In this paper, we propose conversational Q&A, which is based on ontology about specialized knowledge domain that can convert the existing Q&A system into chatbot. And we suggest it would shorten the search behavior and re-evaluate the efficiency of information retrieval. Especially conversational Q & A based on ontology is shown to be able to reduce the steps of ISB, which made it more useful, usable, desirable and desirable. It also appears that the difficulty of choosing terms is reduced, and the accuracy is improved because it is easier to search in appropriate terms. We can see the effect that ontology can have on the conversational Q&A system, and the necessity is suggested.

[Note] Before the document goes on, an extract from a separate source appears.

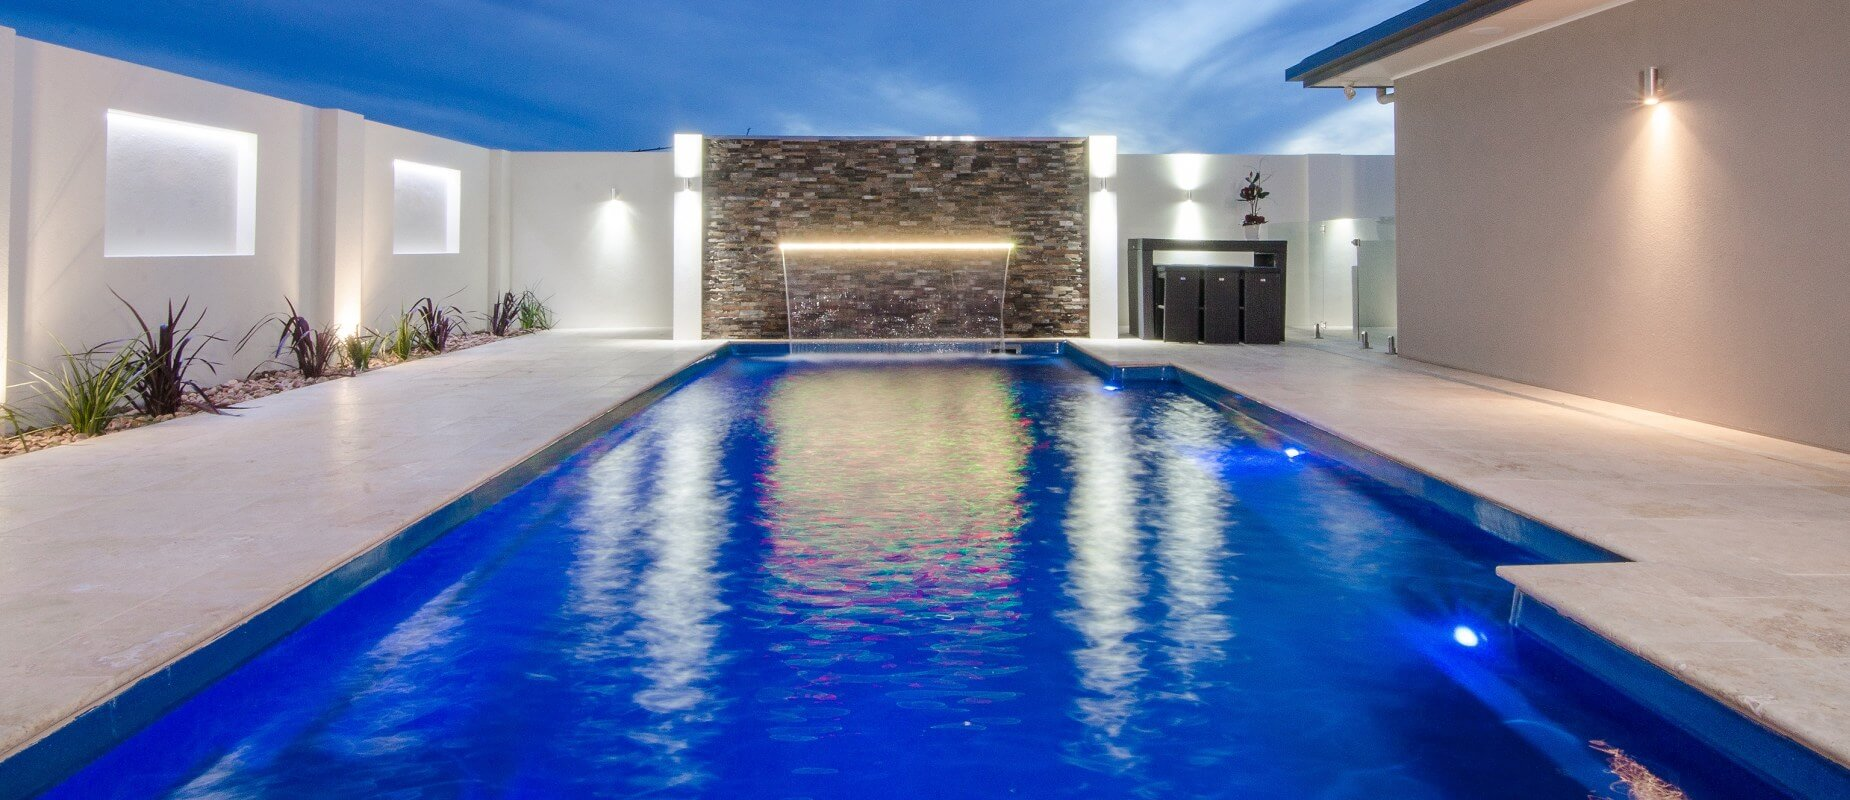 piscina de lux modele frumoase 2

One of the important reasons why ontology based chatbot should be actively utilized in the field of special knowledge lies in the divergence between common term and terminology. Chatbots can solve users’ questions through conversations, and conversations are interactive rather than one-sided communication. In other words, the user can inquire about the questions that he/she is curious about and can obtain results with high accuracy. If it is difficult to select the appropriate words to search for special knowledge, the user can ask the user what he/she wants by suggesting similar terminology related to the inputted common term, and then it can make a dialogue that lists and presents questions in order. Therefore, it simplifies the complex search behavior in special knowledge search and enables users to find out what they are interested in through active intervention. These chatbots should be based on the ontology and can be optimized by applying the Q & A system that users have raised their own questions.

5.1 Future Work

However, this study suggests only the specialized Q&A chatbot concept, and there is a limitation in identifying classifier for mapping on the category network. It is necessary to ask for expert about the category of the terms or make specific classifier for simplified taxation. Also, it is necessary to ask usability to much more users to quantize. We show the transformation process to conversational Q&A system, so the number of attendants for usability test is not enough to rationalize the efficiency. It could be next step for this study and would make conversational system more useful.